Way back in 1992 when anybody but hard core geeks knew what going even meant, Marc Andreessen started to to the Internet what Graphical User Interface did for computer operating systems.  Up to that point information on the Internet was shrouded in arcane Unix commands and everything was text.  Andreessen was developing Mosaic at the Nation Center for Supercomputing Applications at the University of Illinois.  The World Wide Web was just three years old at the time.  There were pages that were hyperlinked together but it was just text.  There wasn't even anything even called a web browser, in order to go to a web page it required telnetting into web server.  Even following links wasn't a matter of pointing and clicking.  To go to another page the number of the hyperlink had to be keyed into the computer and pressing the enter key. 
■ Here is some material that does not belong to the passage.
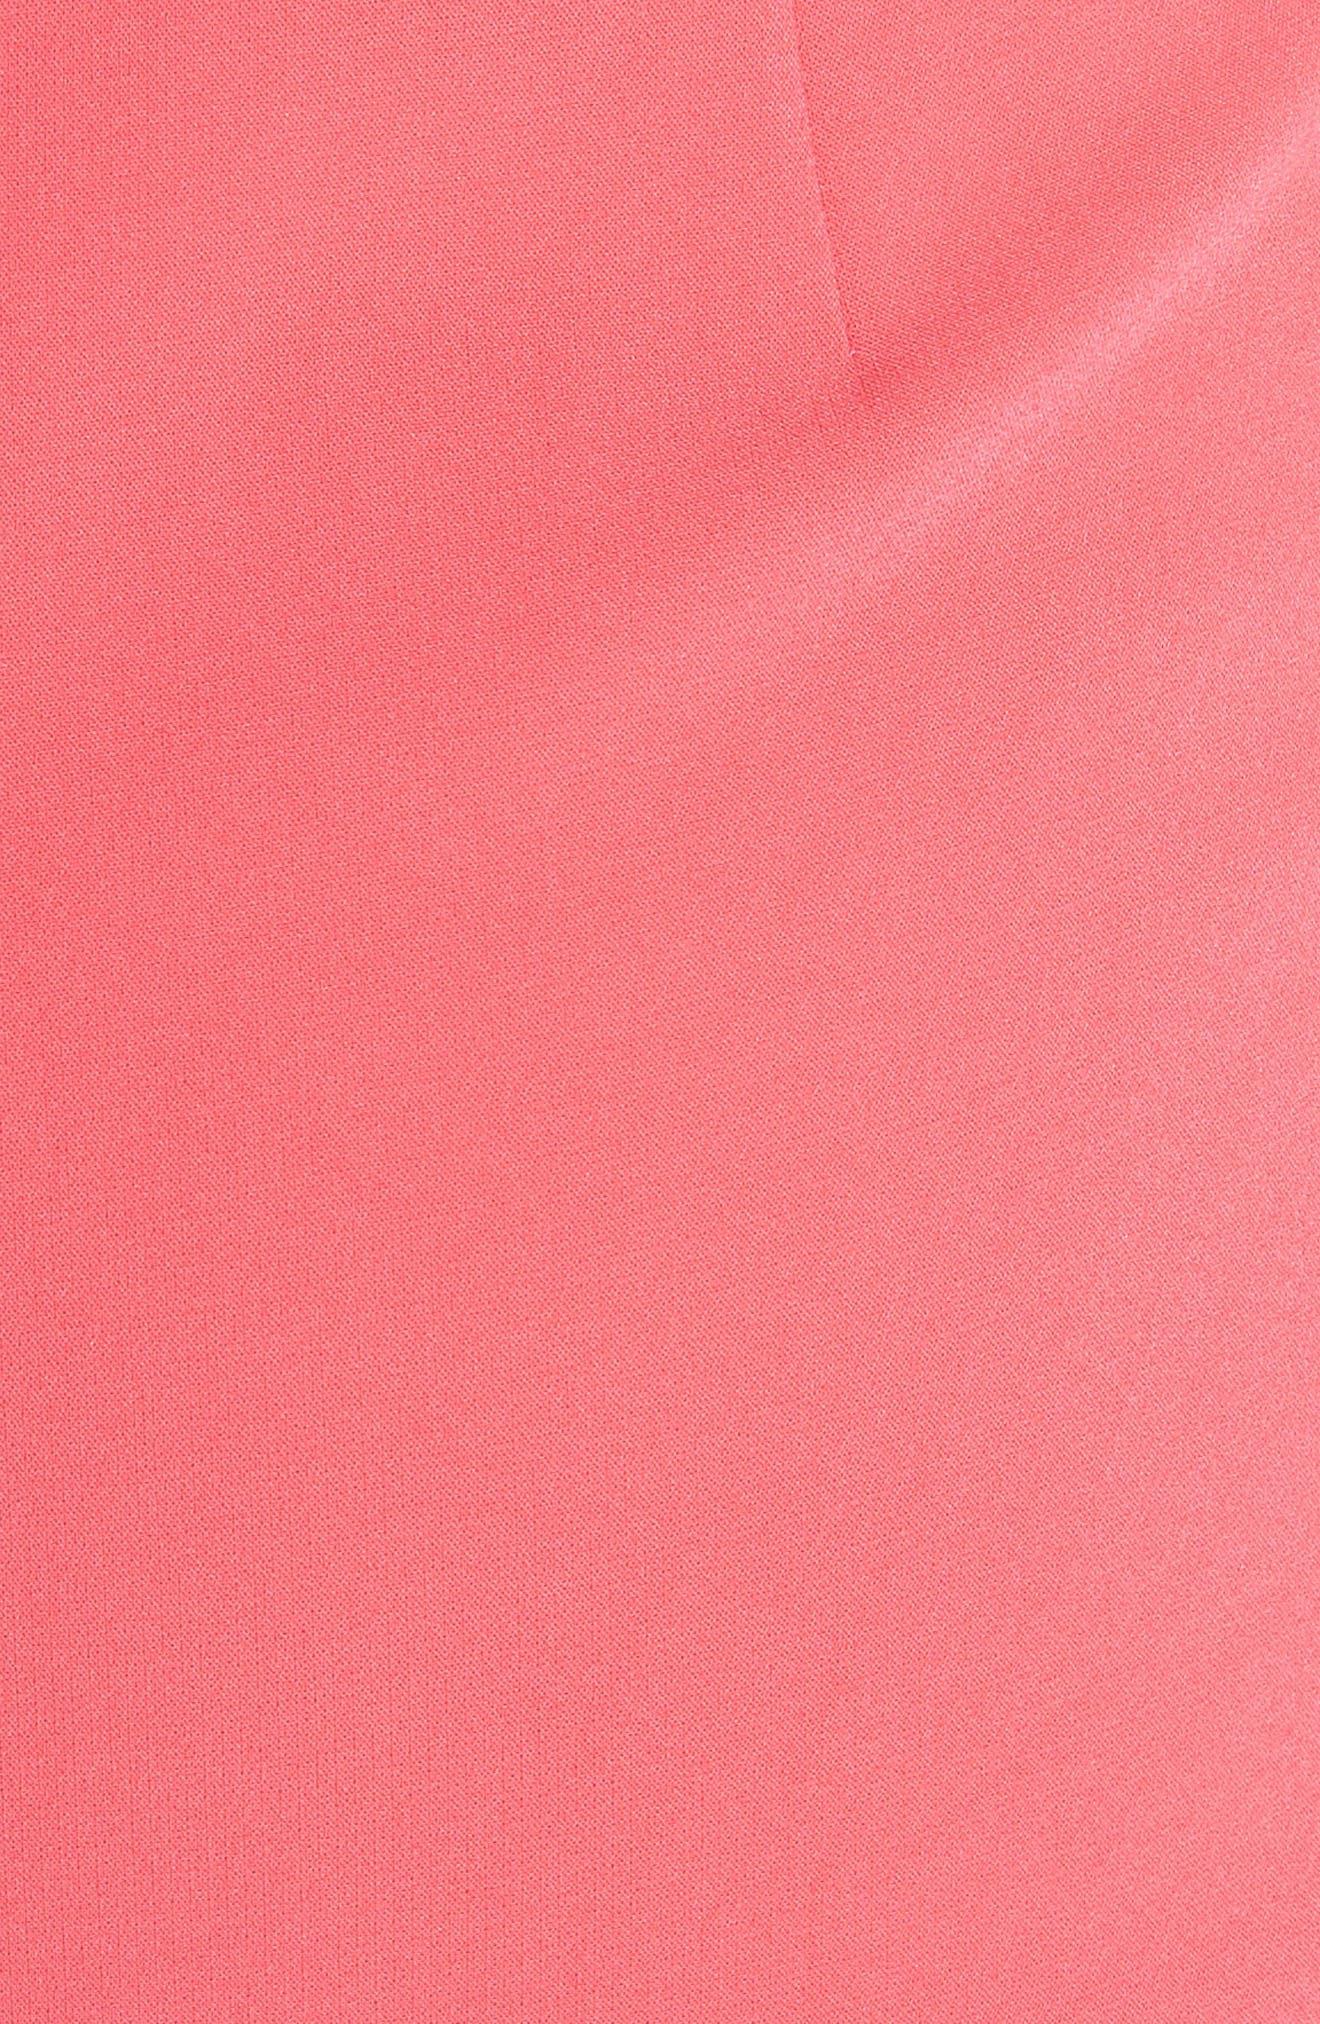 Andalasia Sleeveless Fit & Flare Dress,                             Alternate thumbnail 5, color,

In early 1994, Andreessen's Mosaic changed all that.  Links became clickable and pictures became a permanent fixtures on web pages.  By making the web easy to use Mosaic helped fuel the Internet revolution of the mid 1990's.  By late 1994 Andreessen was recruited by financier Jim Clark to turn Mosaic into a new company.  In 1995 the newly formed Netscape Communications released the Navigator browser which was based on Mosaic.  Meanwhile Microsoft hired many of Andreessen's cohorts from NCSA to develop Internet Explorer.  By late 1996 Internet Explorer had finally become a viable competitor to Netscape Navigator.  The Browser Wars would last another couple of years with Internet Explorer winning due mostly to being bundled with Windows 98.  Internet Explorer would then have a market share of over 95 percent until Mozilla Firefox was based on programming code from Netscape would reclaim 15 percent market share from Internet Explorer.